JSON Feed support - Githubissues

lemon24 commented 3 years ago

https://en.m.wikipedia.org/wiki/JSON_Feed

Asked about in https://www.reddit.com/r/selfhosted/comments/kioq3g/comment/ggs3kuk?context=3

Question: Is this worth supporting, or a case of featuritis?

The Wikipedia page mentions NPR as a publisher that supports it, and the latest version of the spec mentions about 10 other websites.

Update: Here's some more users: https://indieweb.org/JSON_Feed

We could make it a plug-in.

Regardless of the support required, this is an interesting use case, since to implement it as a separate parser we'd need a way of delegating by extension and/or MIME type.

At the moment, we can only delegate to a parser by feed URL prefix (and making people add "json+http://..." to their feeds is not exactly user friendly).

lemon24 commented 3 years ago

OK, to implement this in a modular way, we'll split the current "subparsers" (HTTPParser/FileParser) into a Retriever and a (Sub)Parser.

The Retriever:

Is selected by URL prefix (like subparsers are now).
Arguments:
- URL
- optional caching headers
- Accept headers from all the known parsers
Returns:
- file-like object
- optional MIME type
- optional caching headers
- optional response HTTP headers
If no MIME type is returned, it's guessed from the URL using the mimetypes stdlib module.

The (Sub)Parser:

Is selected by the MIME type returned by the parser. (We should probably have feedparser as a fallback when no MIME type can be guessed, for backwards compatibility.)
- Should there be a way to special-case an URL (prefix)? How do we support plugins like sqlite_releases?
- How? Exact match? Do we support type/* and */*? Should application/unknown+xml fall back to application/xml?
- feedparser uses the following Accept headers at the moment: application/atom+xml,application/rdf+xml,application/rss+xml,application/x-netcdf,application/xml;q=0.9,text/xml;q=0.2,*/*;q=0.1 (note the */* catchall).
- JSON Feed uses application/json (v1) and application/feed+json.
- Arguments:
- URL
- file object
- response HTTP headers
Returns: the parsed feed.

Here's pseudo-code of how they all fit together in the (Meta)Parser (the current Parser class):


# input
url: str = ...
# currently http_etag and http_last_modified
caching_headers: dict = ...

# actually stored on a Parser instance
RETRIEVERS = [HTTPRetriever(), FileRetriever()]
PARSERS = [JSONFeedParser(), FeedparserParser()]

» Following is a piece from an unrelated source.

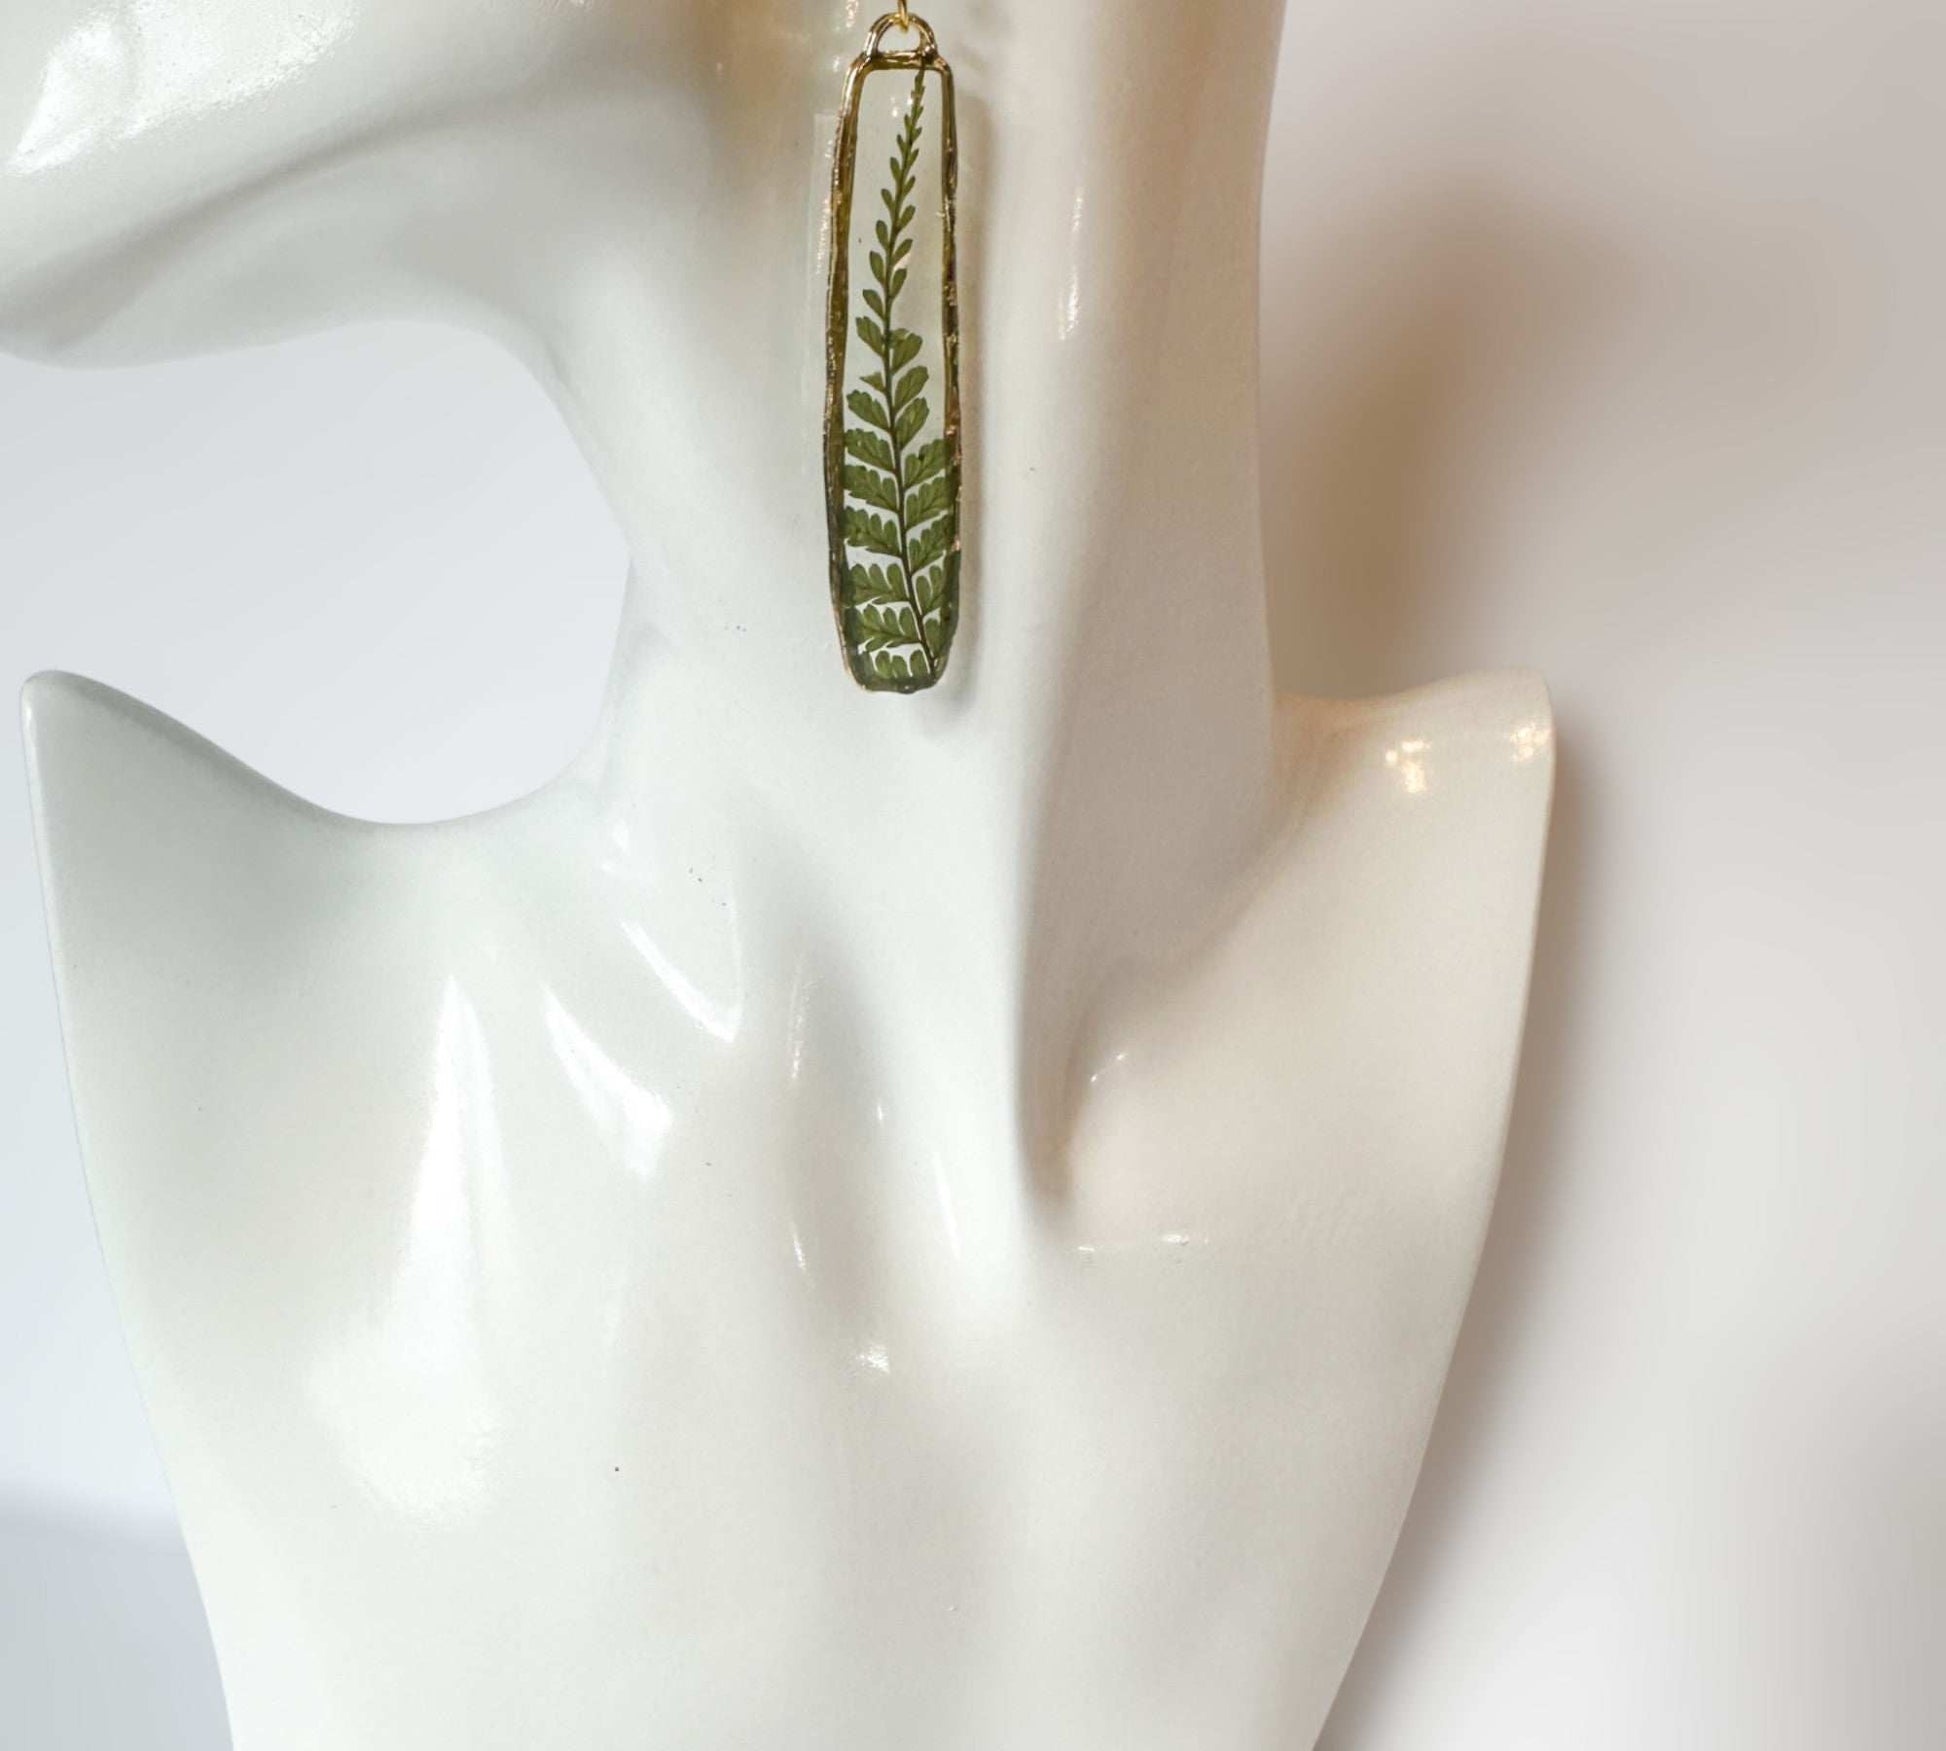 Fern Cascade Earrings - Minimalistic Meets Boho Style - Pressed Ferns
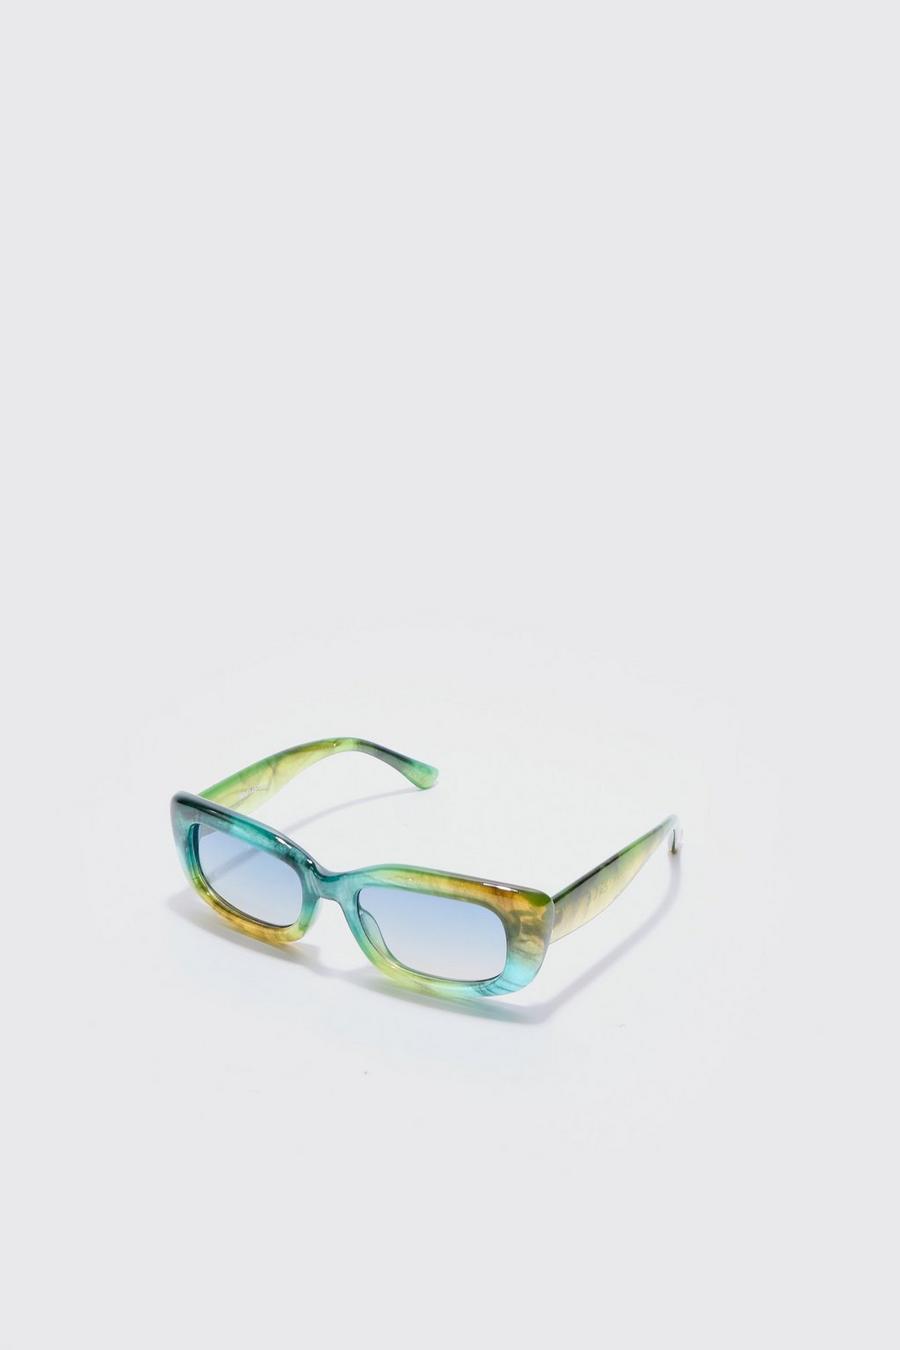 Green Rektangulära solglasögon i grönt plastmaterial

# actually a Parser method
retriever = get_retriever(url)

http_accept = merge_accept_headers(p.accept_headers for p in PARSERS)

file, mime_type, caching_headers, headers = retriever.get(
    url, caching_headers, http_accept
)
if not mime_type:
    mime_type = mimetype.guess_type(url)

# actually a Parser method
parser = get_parser(mime_type)

parsed_feed = parser(url, file, headers)

rv = parsed_feed, caching_headers

Here's how (sub)parser selection works:

from werkzeug.datastructures import MIMEAccept
from werkzeug.http import parse_accept_header, parse_options_header

# the accept headers come from parser.accept_header,
# except for the wildcard, which is added manually;
# in practice, feedparser and feedparser (catch-all) are the same object
PARSERS = [
    (parse_accept_header(a, MIMEAccept), parser)
    for a, parser in [
        # everything in feedparser.http.ACCEPT, except the wildcard (*/*);
        # only a few included for brevity
        ("application/atom+xml,application/xml;q=0.9", "feedparser"),
        ("application/feed+json,application/json;q=0.9", "jsonfeed"),
        # for backwards compatibility
        ("*/*;q=0.1", "feedparser (catch-all)"),
    ]
]

def get_parser(mime_type):
    for accept, parser in PARSERS:
        if accept.best_match([mime_type]):
            return parser

def merge_accept_headers():
    values = []
    for accept, _ in PARSERS:
        values.extend(accept)
    return MIMEAccept(values).to_header()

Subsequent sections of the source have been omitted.